Shearson, Hammill & Co. was founded by Edward Shearson and Caleb Wild Hammill in 1902. Before forming the firm, Shearson had served as comptroller of U.S. Steel and of Federal Steel Company before that. Shearson, who was raised in Ontario, Canada began his career as an auditor for the Wisconsin Central Railroad before taking a position in the steel industry in 1898. Shearson was an active member of New York society. Hammill, who was raised in Albion, Michigan, moved first to Chicago and subsequently to New York in 1890.

By the end of World War I, Shearson Hammill had six branch offices and seven correspondents.

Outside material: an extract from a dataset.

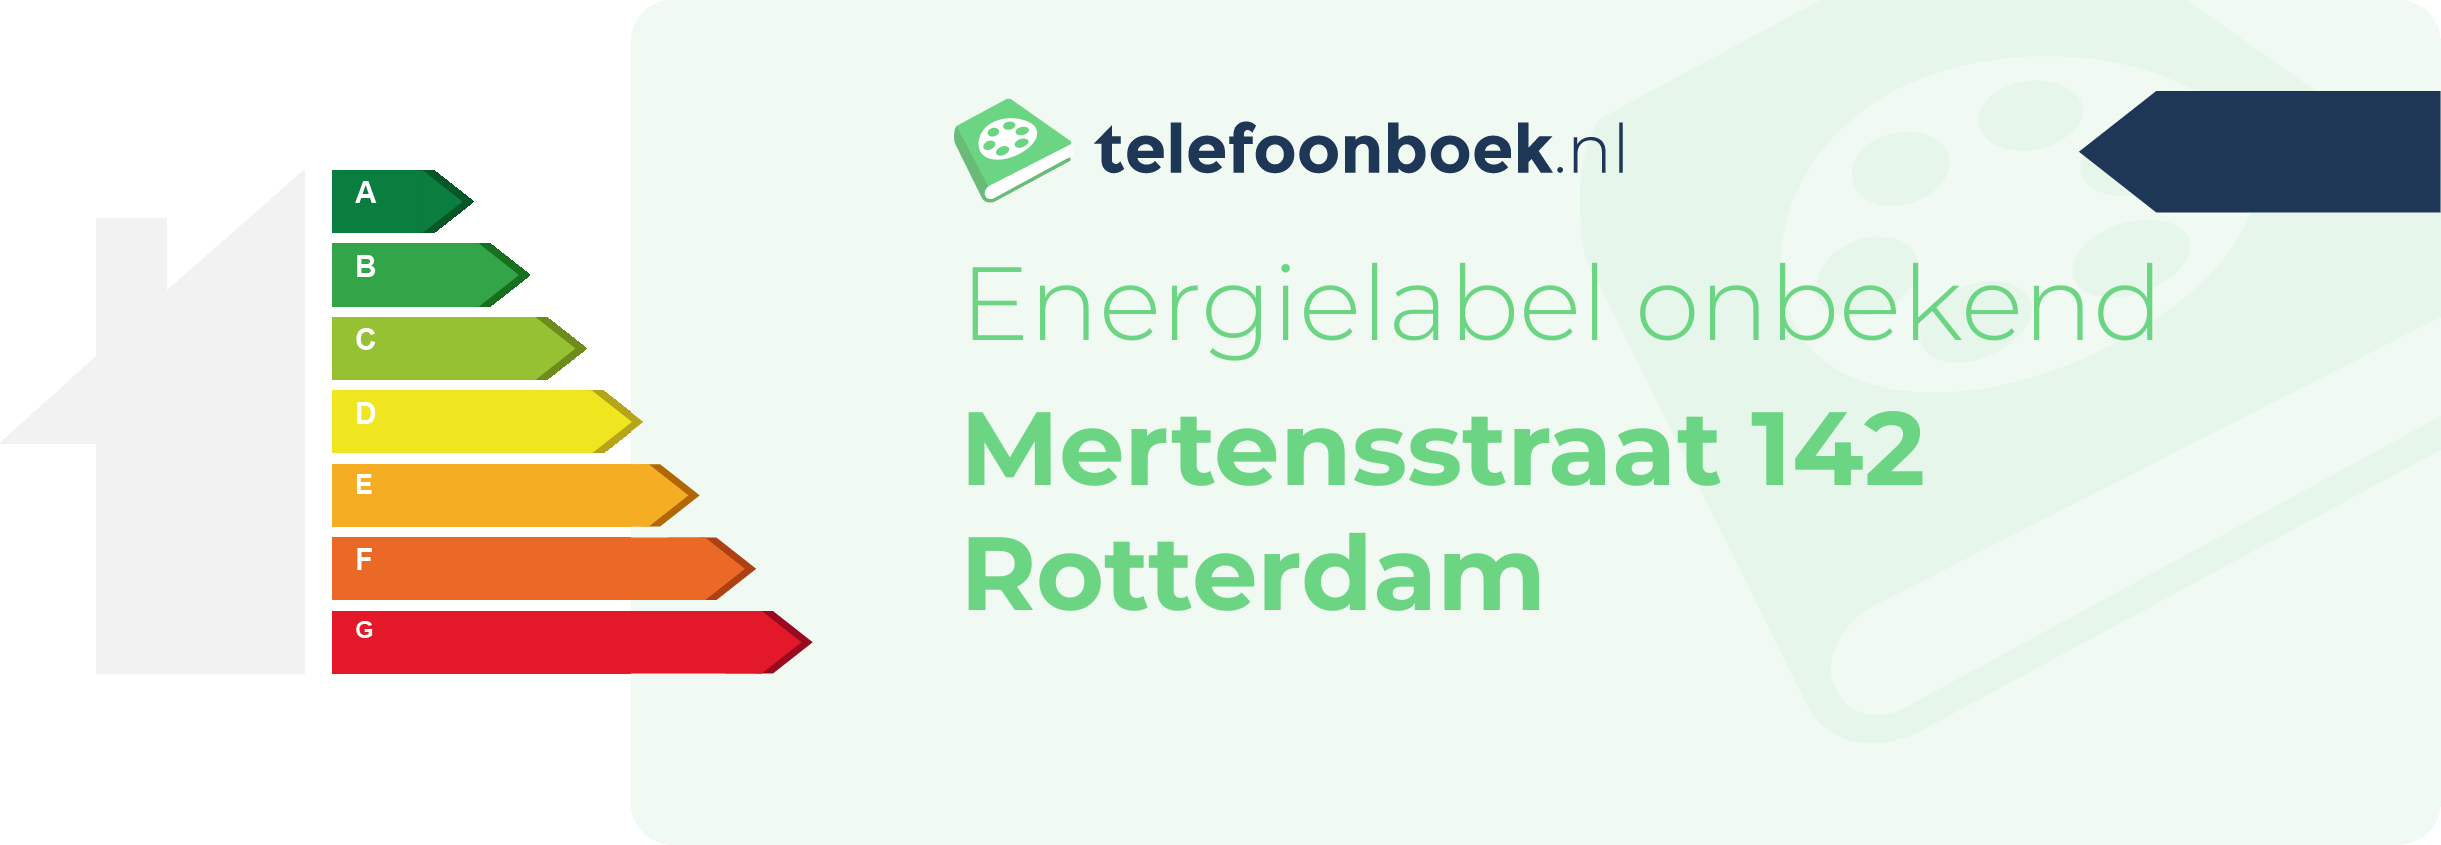 Energielabel Mertensstraat 142 Rotterdam

In the 1960s Shearson, Hammill became well known for its commercials that suggested "If You Want To Know What’s Going On On Wall Street, Ask Shearson Hammill." The firm had 63 offices in the US and internationally supported by a well-regarded securities research department.

Shearson logo from 1978

In the early 1970s, Shearson faced financial difficulties as did many of the venerable Wall Street firms in the midst of the 1973–1974 stock market crash. In response to the crisis, Shearson laid off a large portion of its staff in 1973. Meanwhile, through the 1960s and 1970s, Sanford I. Weill, the chairman of the up-and-coming Cogan, Berlind, Weill & Levitt, had been acquiring many of Wall Streets oldest and most venerable investment banking and brokerage firms. By 1973, Weill's firm was known as Hayden Stone, Inc. following the acquisition of Hayden, Stone & Co. Despite its strong retail brokerage business, Shearson's capital reserves were diminished and by 1974, it was clear that Shearson did not have sufficient capital to survive as an independent firm, opting to merge with Weill's better capitalized Hayden Stone, Inc. The combined firm was renamed Shearson Hayden Stone, as Weill retained the Shearson brand, which was widely recognized as a major underwriter and brokerage.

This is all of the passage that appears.